In its response, Twitter takes issue with Musk’s analysis of spambots, saying the “firehose” of data he used “reflects many Twitter accounts not included in mDAU” and that the Botometer tool he used relies on a different process than the company to determine whether an account may be a fine. It added that Botometer “was designed earlier this year by Musk himself as highly likely to be a bot.”

Back and forth between Twitter and Musk offers a preview of the arguments each side will make when the case goes to trial, assuming they don’t agree to a settlement first. A five-day trial is due to start on October 17, after Twitter had pushed to speed up proceedings.

Musk last month opted out of the deal to buy Twitter, accusing the company of breaching the deal by making misleading statements about the number of bot accounts on the platform and withholding information he claims could help him evaluate the problem. Days later, Twitter filed a lawsuit against the billionaire, alleging that he had breached the agreement and asking a court to force him to follow through on the deal.

In addition to doubling down on concerns about bot accounts, Musk’s response also criticized Twitter’s use of revenue-generating daily active users, a metric Twitter publicly reports to advertisers and shareholders to represent its growth.

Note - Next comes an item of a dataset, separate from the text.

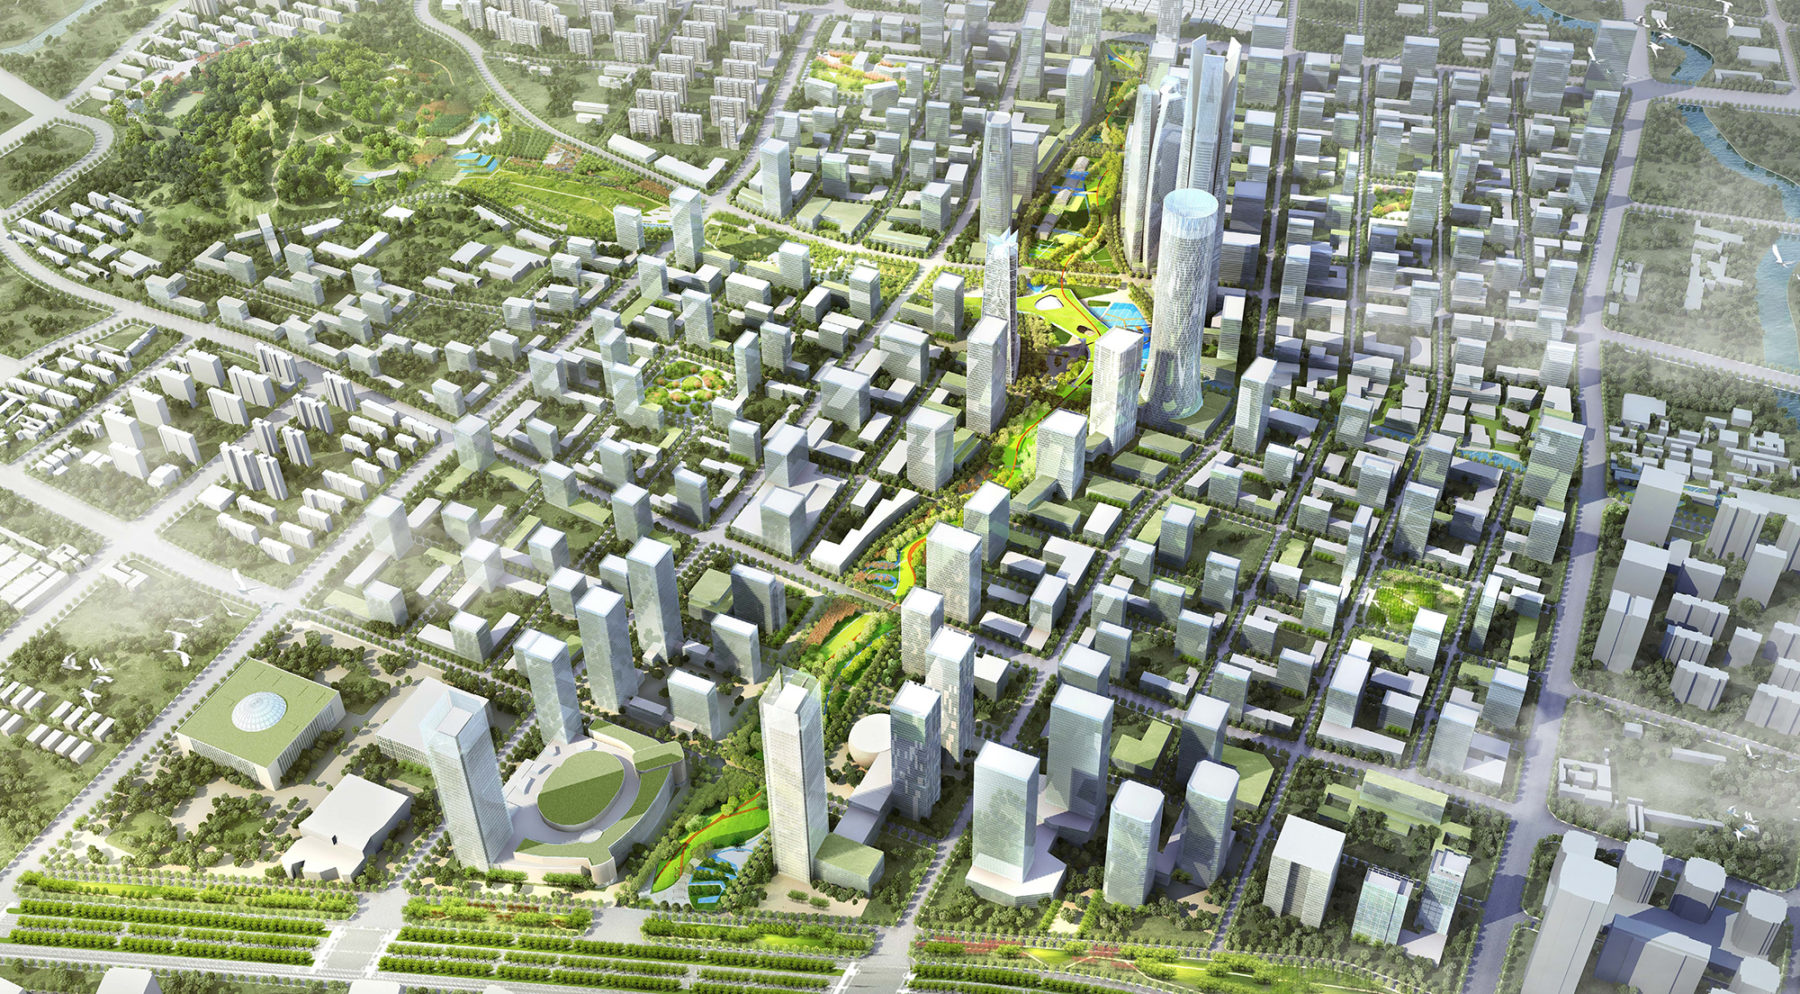 Overhead rendering of cityscape

Musk claims that his evaluations show that only a small portion of Twitter users consider mDAU to actually generate significant revenue for the company by viewing and engaging with ads, and argues that the measure is not actually as good an indicator of future revenue growth potential and long-term performance as Twitter’s public records suggest.

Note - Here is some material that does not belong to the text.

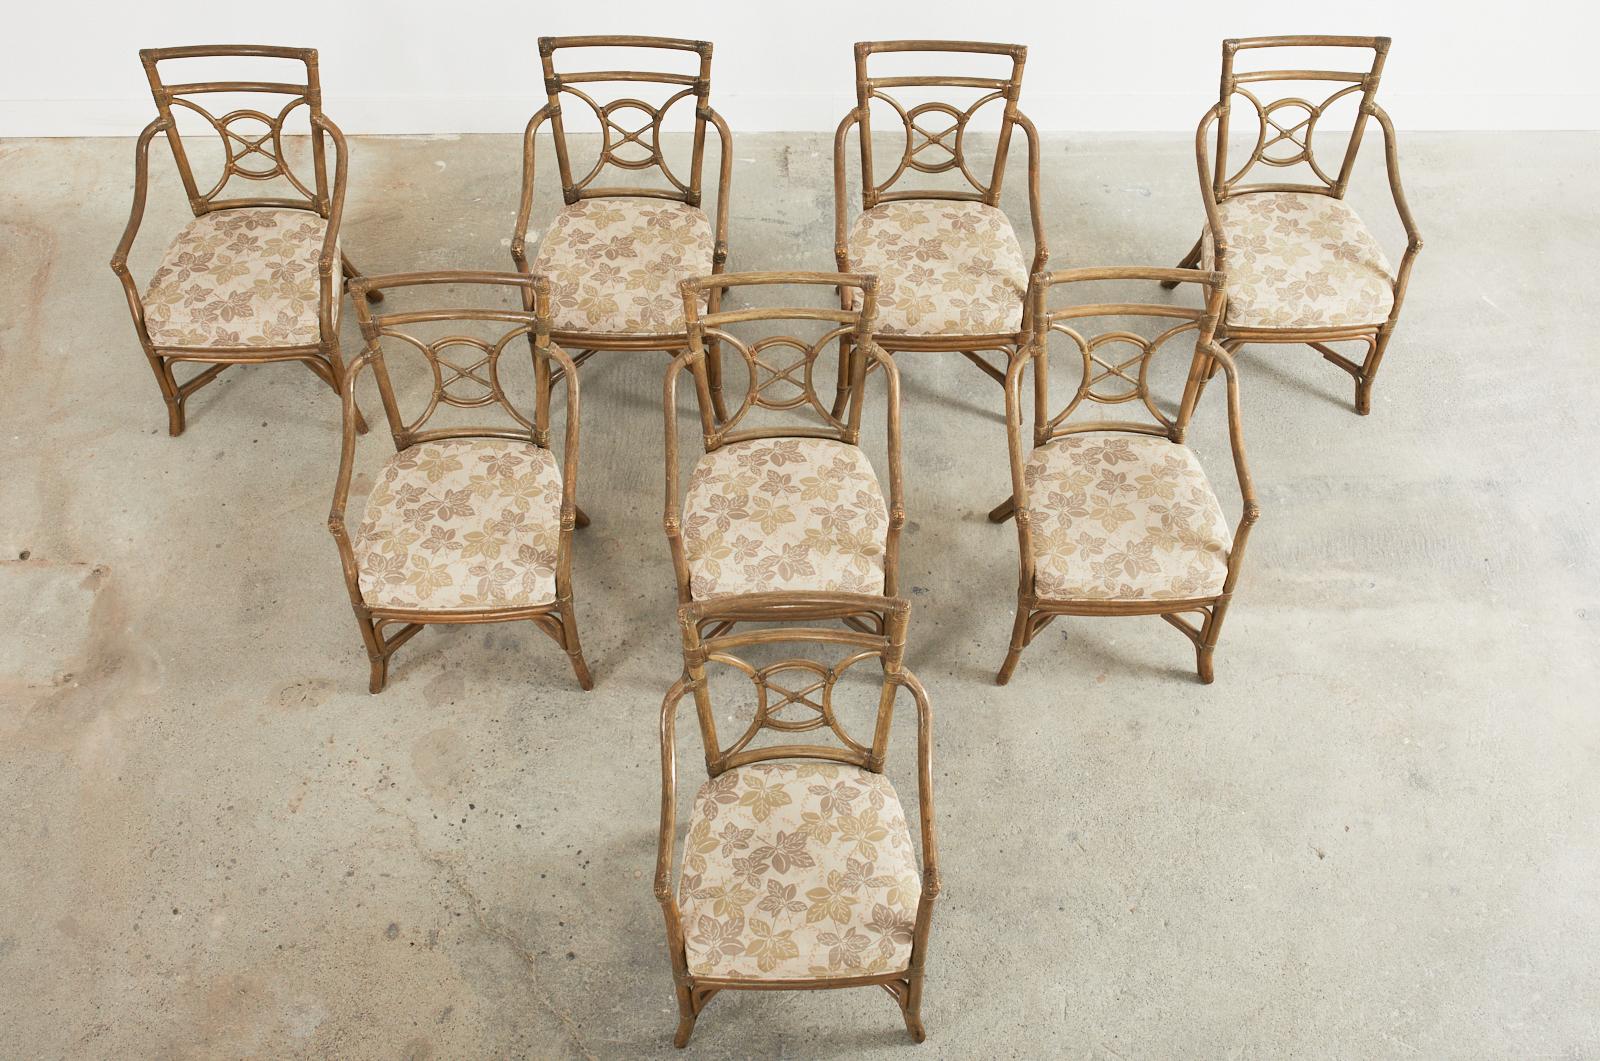 Organic modern set of eight rattan dining armchairs made in the style and manner of McGuire. Artisan crafted chairs constructed in San Francisco, CA featuring a target or bullseye motif back splat. Made from thick rattan poles lashed together with

“Twitter also does not publish the methodology it follows to determine the mDAU count, or how it excludes non-monetizable accounts from that calculation,” Musk’s response said. “Therefore, it is extremely difficult for any third party to completely replicate Twitter’s mDAU metrics.”

Musk’s response claims that Twitter management has incentives to report “high mDAU numbers to pique investor interest” and because its executive compensation structure is based in part on mDAU.

The trial between Twitter and Elon Musk now has a date

In its response, Musk’s team explains that the billionaire is concerned with the spambot problem because “transferring users who do not generate any income to more active users … is not an easy task.” Musk’s team adds: “A company focused on adding these active users will invest significant resources in trying to improve Twitter to maximize engagement, for example by effectively targeting spam or fake accounts.”

Twitter said in its response to Musk’s counterclaims that the mDAU count never purported to show how many users generate significant revenue by interacting with ads, but rather shows the number of real users who can earn money by being served ads. It also noted that Musk’s mDAU-related claim was not included in his initial termination notice and “is a newly invented legal position.”

The company also continues to maintain that the issue of robots is not, and has never been, relevant to the execution of the acquisition agreement. “Musk has received massive amounts of information from Twitter, for months, and has been unable to come up with a valid excuse to pull out of the contract,” Twitter’s response said.

In a letter to Twitter employees included in Friday’s regulatory filing, Twitter general counsel Sean Edgett said that while Twitter had the option to request redactions in Musk’s response, it chose not to. (Twitter had previously sent a letter to the judge overseeing the case, asking her to ensure that Musk’s team would not file the public response early, so they would have enough time to review it for potential redactions.)

“We chose not to redact any information — we fully stand by our SEC filings, the methods we use to calculate mDAU, and our statements about the percentage of spam accounts on our platform,” Edgett said in the letter.